L’Étranger (translated as The Stranger or The Outsider) is a seminal 1942 novella by French-Algerian author Albert Camus. Set in French Algeria, the story follows Meursault, a detached and emotionally indifferent young man whose seemingly apathetic response to his mother’s death sets off a chain of events that leads to his trial and condemnation.
The novel is divided into two parts. In the first, Meursault attends his mother’s funeral without displaying conventional grief, then quickly resumes his routine—swimming, dating a former coworker named Marie, and befriending his neighbor Raymond, a man of questionable morals. When Meursault accompanies Raymond to a beach house and becomes embroiled in a conflict with an Arab man (whose name is never given), he ends up shooting the man in ambiguous circumstances, driven more by the oppressive heat and glare of the sun than by clear intent.
The second part focuses on Meursault’s imprisonment and trial. Rather than focusing on the crime itself, the prosecution fixates on Meursault’s lack of emotion at his mother’s funeral, painting him as a soulless outsider who defies societal norms. His honesty and refusal to conform to expected moral or religious behaviors alienate him further from society. Ultimately, he is condemned not so much for the murder as for his failure to play by society’s emotional and philosophical rules.
L’Étranger is a cornerstone of existentialist and absurdist literature.
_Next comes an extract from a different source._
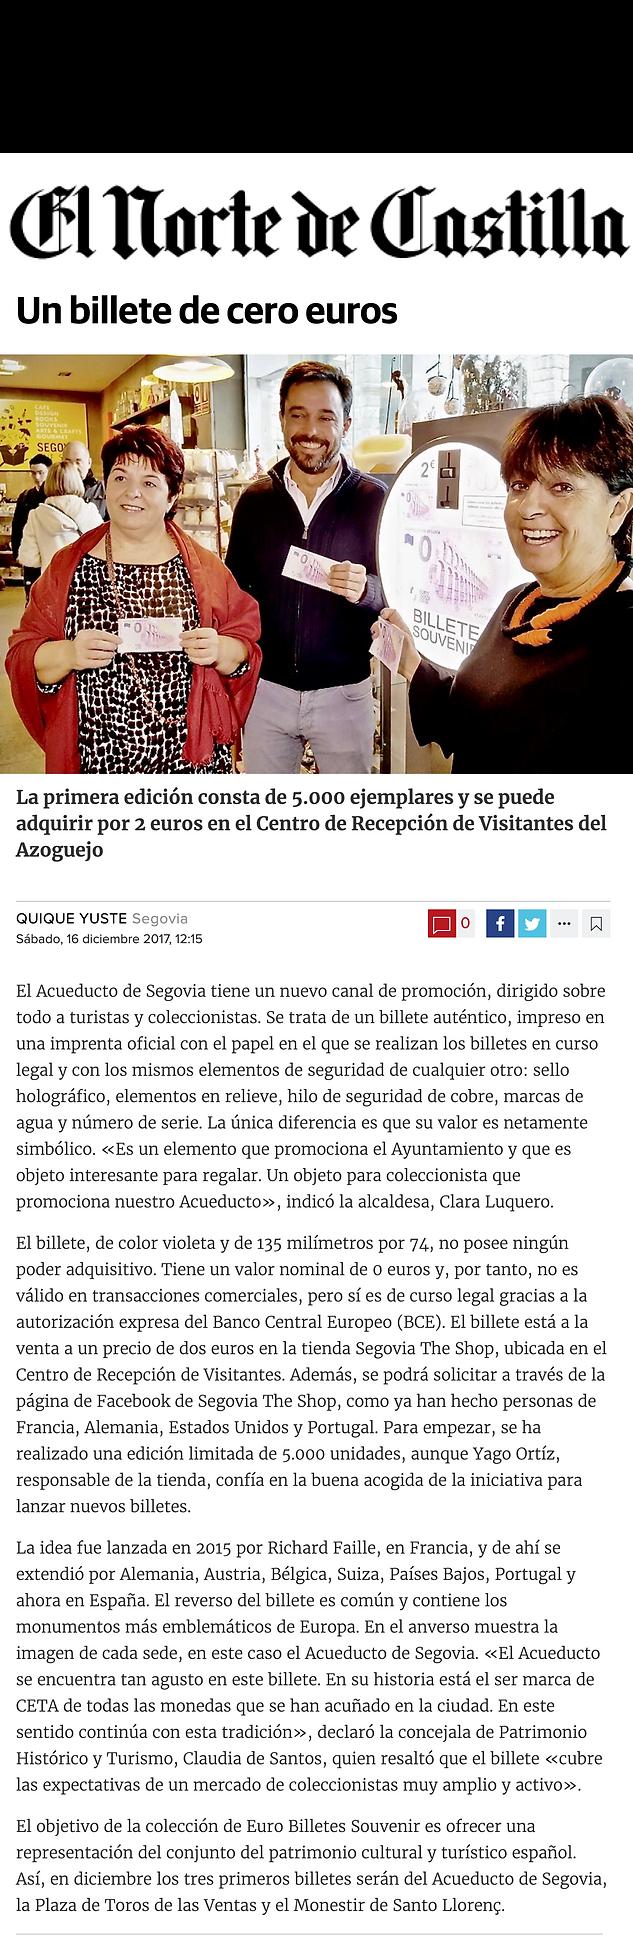 prensa_nortedecastilla_acueducto_0euros.

Through Meursault’s perspective, Camus explores themes of alienation, the absurdity of human existence, the indifference of the universe, and the conflict between individual authenticity and societal expectations. The novel’s stark, minimalist prose and its unsettling protagonist have made it a classic of 20th-century literature and a powerful meditation on what it means to be human in an indifferent world.